Satellites see big fishing’s footprint

Scientists use ships’ beacons to track them on high seas

By SETH BORENSTEIN, Associated Press
Published: February 22, 2018, 8:40pm

WASHINGTON — Scientists tag sharks to see where they roam in the high seas, but until now they couldn’t track the seas’ biggest eater: Humans.

By using ships’ own emergency beacons, researchers got the first comprehensive snapshot of industrial fishing’s impacts around the globe. And it’s huge — bigger than scientists thought, according to a new study.

Large-scale commercial fishing covers more than 55 percent of the oceans with the world’s fishing fleet traveling more than 285 million miles a year — three times the distance between Earth and the sun, according to research in Thursday’s journal Science .

Five countries — China, Spain, Taiwan, Japan and South Korea — were responsible for 85 percent of high seas fishing.

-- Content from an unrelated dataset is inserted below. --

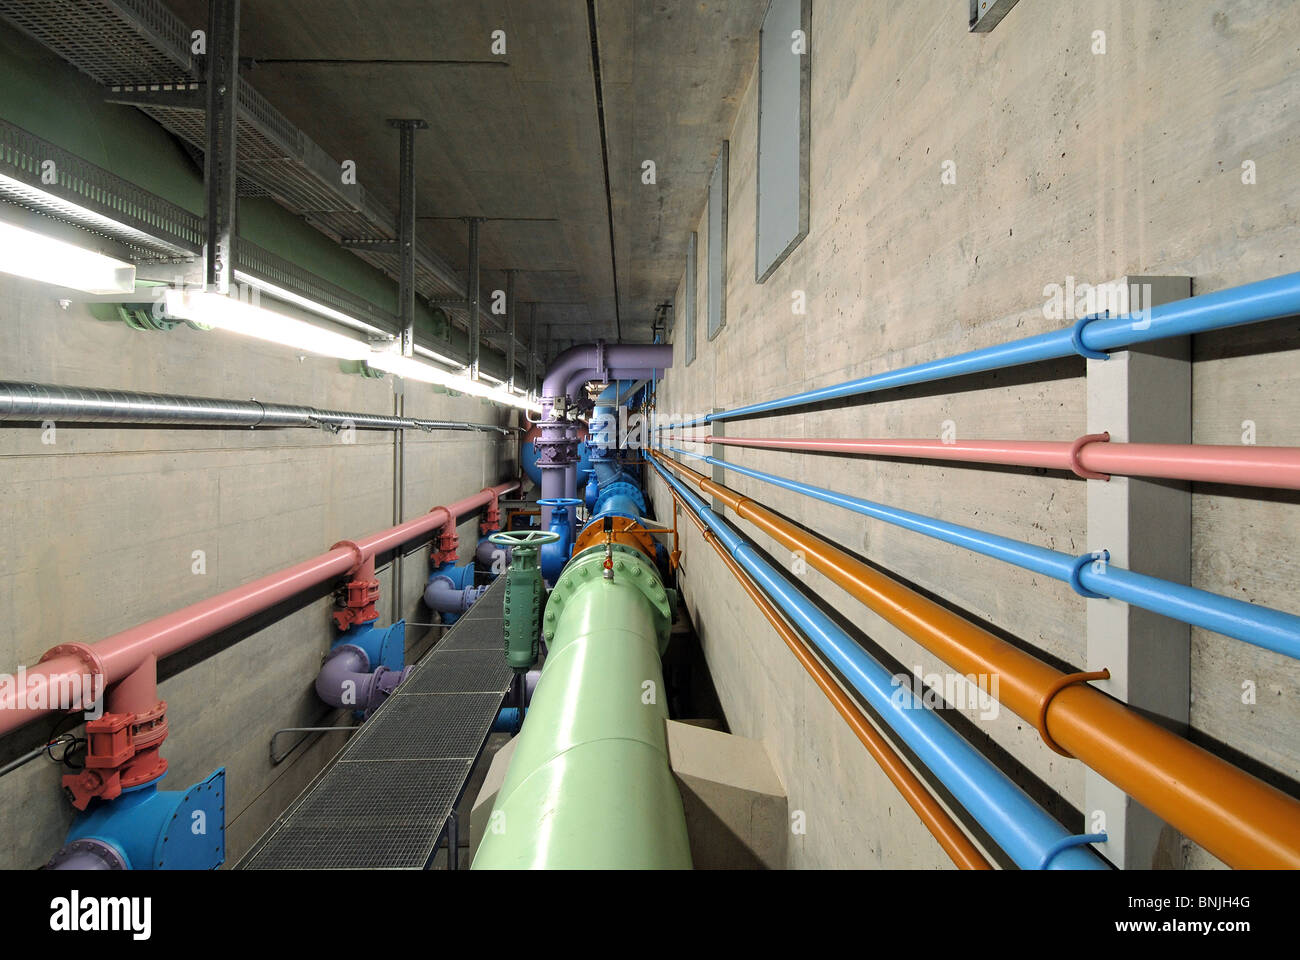 Water tube industry pipe piping infrastructure indoors indoor inside engineering supply maintenance pipes Stock Photo

“The most mind-blowing thing is just how global an enterprise this is,” said study co-author Boris Worm, a marine biologist at Dalhousie University in Canada. “It’s more like factories that are mass producing product for a global market and less like hunters that are stalking individual prey.”

The fishing patterns were gleaned from 22 billion automated ship safety signals beamed to satellites. Before this, scientists had to rely on a sampling of ships’ logs and observations, which were spotty.

Ships are obeying no-fishing zones and times, although they hover at the edges of marine-protected areas. Fishing tends to drop on holidays including Christmas, New Year’s and the Lunar New Year, researchers found.

China dominates global fishing. Of the 40 million hours that large ships fished in 2016, 17 million hours were by boats under a Chinese flag, according to another study co-author, Stanford marine biologist Barbara Block.

The research shows a heavy use of long-line fishing in the high seas, which tends to catch top predators like tuna, sharks and whales.

Editor’s note: In this story, The Associated Press erroneously included whales among the species caught with long-line fishing.